The PROTAC molecule specifically recognizes and binds to the target protein through the target protein ligand (POI Ligand) at one end and the E3 Ligase through the E3 Ubiquitin Ligase Ligand (E3 Ligase Ligand) at the other end.
Forming the POI-PROTAC-E3 Ligase Ternary Complex
In this ternary complex, the target protein POI is ubiquitinated by E3 ligase, and the ubiquitinated POI is subsequently recognized and degraded by the proteasome, thereby inhibiting the function of the target protein.
The molecular mechanism of PROTAC is to degrade the target protein through the ubiquitin-proteasome system, and not to inhibit the function of the protein by blocking the functional area of the target protein through competitive binding. Therefore, PROTAC does not necessarily have to be the active region for the target protein to recognize the binding region, and the binding power does not necessarily have to be high-affinity. This makes some “non-druggable” target proteins that lack high-affinity binding of small molecule become “druggable”.
Traditional small molecule inhibitors inhibit the function of the target protein by competing with the active functional domain of the target protein and the amount of small molecules required is always large; while PROTAC degrades the target protein through the ubiquitin-proteasome system to relieve the function of the target protein, therefore PROTAC has the characteristics of recyclability, low dosage and high efficiency.
Compared with the antibody drugs, PROTAC does not trigger the production of anti-drug antibodies.
In conclusion, PROTAC has become an emerging weapon in the field of drug research and development. PROTAC is highly sought-after by scientific research institutions and pharmaceutical companies worldwide.
Medicilon gathers the popular POI ligands and multiple tissue types of E3 ligase ligands, in addition of established a linker library containing hundreds of linking molecules. Moreover, Medicilon’s CADD technology platform has greatly improved the quality of PROTAC-POI design and synthesis.
HEK 293T Stable Transgenic Cell Line (POI-EGFP) High-Throughput Screening
The “endogenous protein-EGFP” 293T stable transgenic cell line constructed by gene knock-in technology was used for high-throughput screening of PROTAC molecules and DC50 was calculated.
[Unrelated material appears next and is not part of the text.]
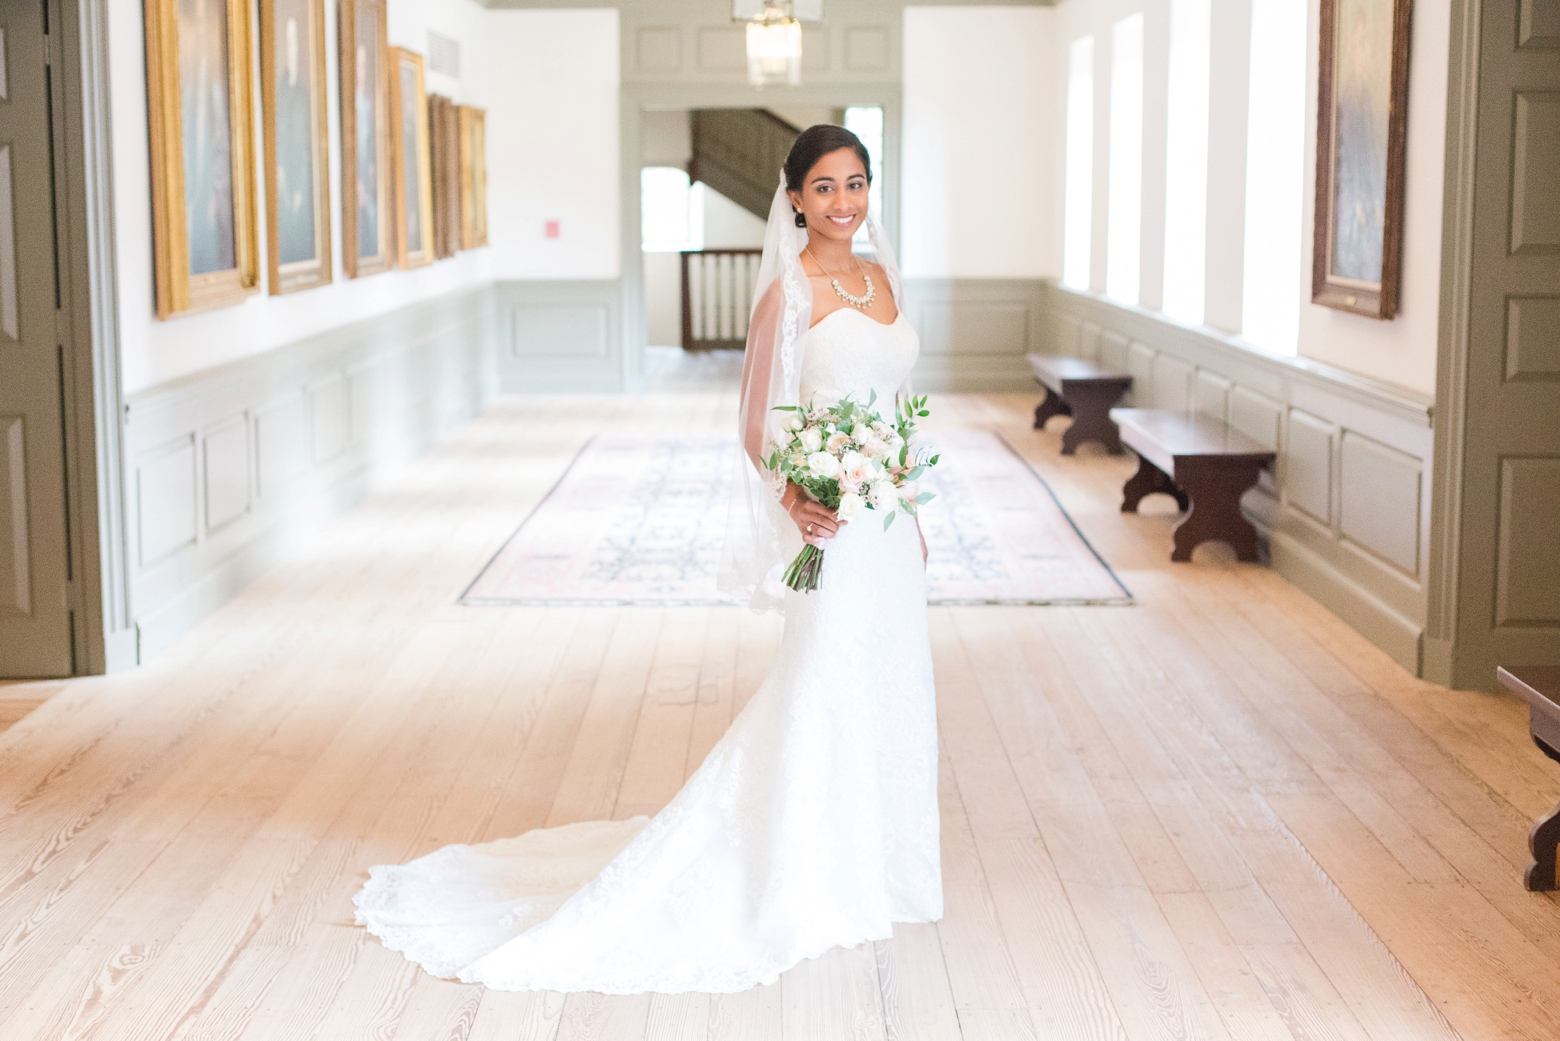 Wren Chapel Wedding | Williamsburg Wedding Photography by Angie McPherson Photography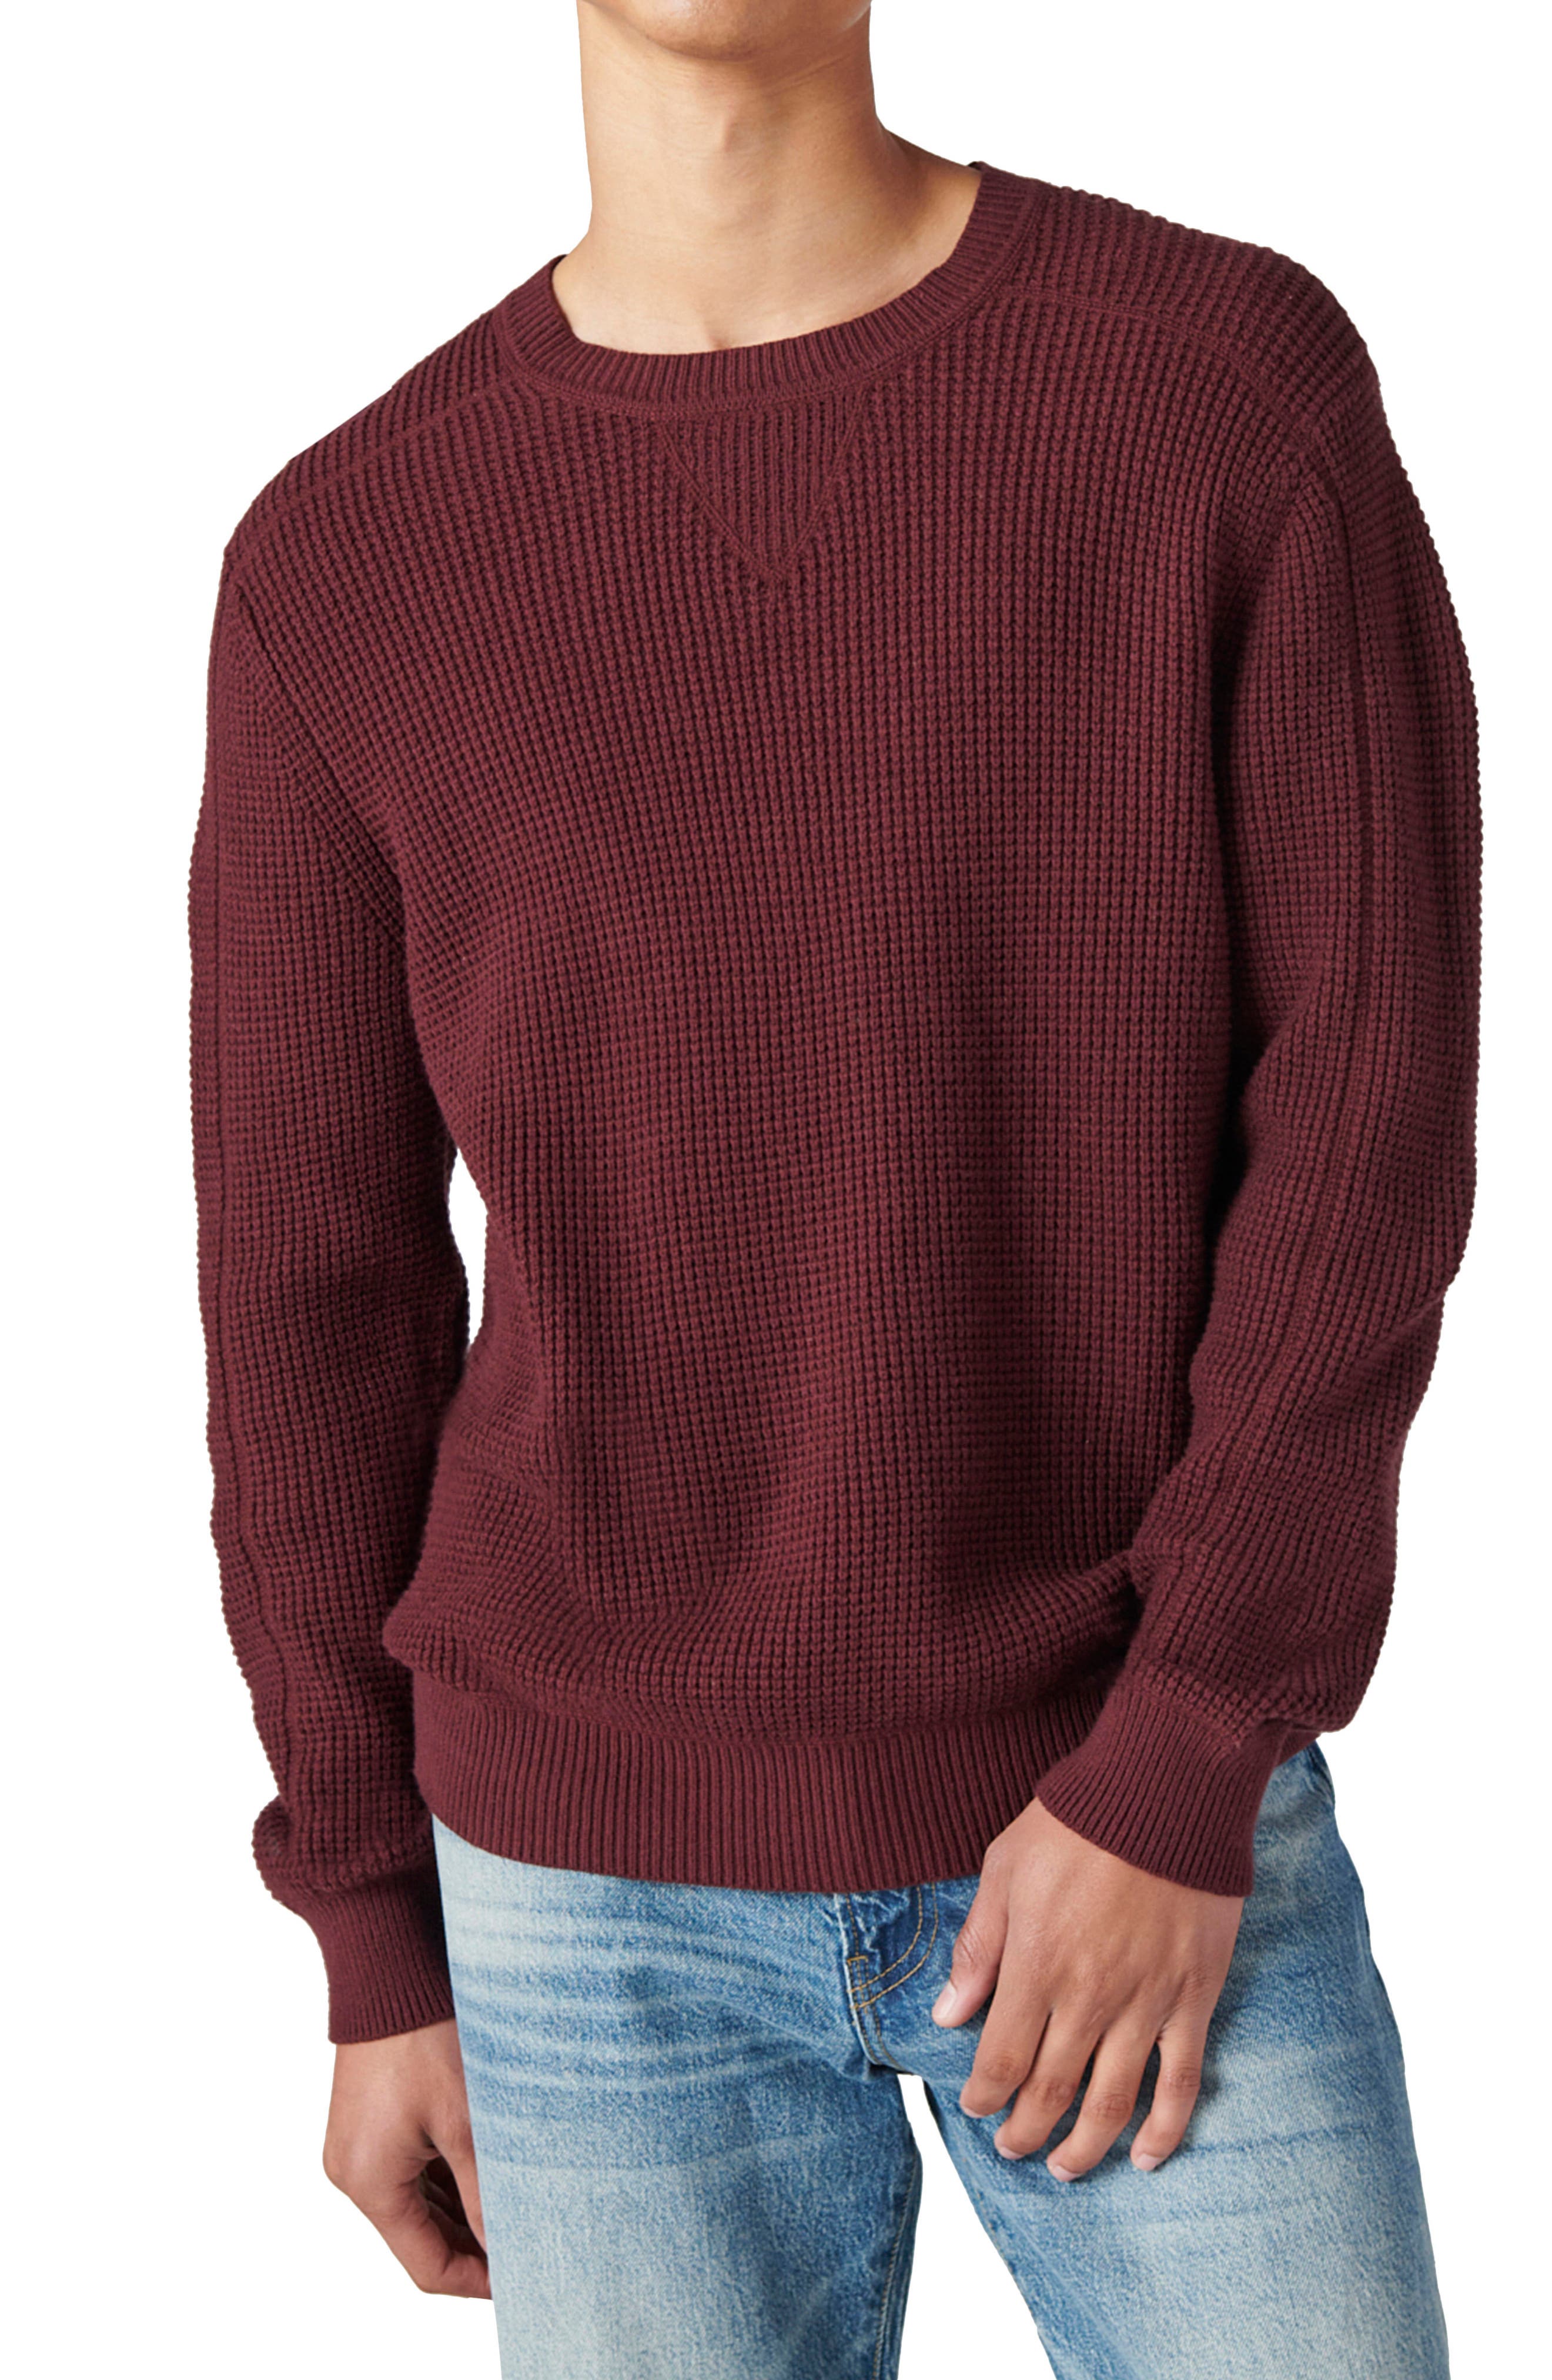 Men's Sweater Knitted Sweatshirt Long Sleeve Crew Neck Pullover Tops Jumper CA

The WB experiment was used to detect the degradation ability of the PROTAC molecules initially screened on the target protein and the DC50 value was analyzed.
Cytotoxicity Test (CCK-8 or CTG method)
CTG detected the ability of PROTC-POI to inhibit the proliferation of tumor cells and analyzed the IC50 value.
Mechanism Detection
a. Detect whether PROTAC degrades the target protein through E3 CRBN
b. Specificity Detection: Through the use of LC-MS/MS for proteomics analysis, to determine the specificity of PROTAC degradation protein; use KINOMEscan to analyze the specificity of PROTAC to kinase binding.
c. Tumor Cell Proliferation Inhibitory Effect
Use CCK-8 or CTG method to detect the inhibitory effect of PROTAC on tumor cell proliferation PROTAC
CDX Mouse Tumor Model
Transplant the corresponding cancer cell lines into the nude mice or NSG mice to establish subcutaneous tumors or orthotopic tumor models, and test the inhibition effect of tumor growth by PROTAC-POI screened in vitro by oral, intragastric or intravenous administration
PDX Mouse Tumor Model
The tumor tissues were transplanted into NSG mice in the form of tissue masses. These tumor tissues maintained the biological characteristics of the original tumors in the NSG mice, similar to clinical features. The PDX mouse model was used to test the inhibitory effect of lPROTAC-POI on in vivo tumor growth.
Perform PK/PD research, pharmaceutical analysis, pharmacokinetics research and safety evaluation on the obtained PROTAC-POI screened for in vivo drug efficacy testing in animals, and summarize the experimental results and documentations for IND filing to assist clients to accelerate the development process of PROTAC-POI drugs.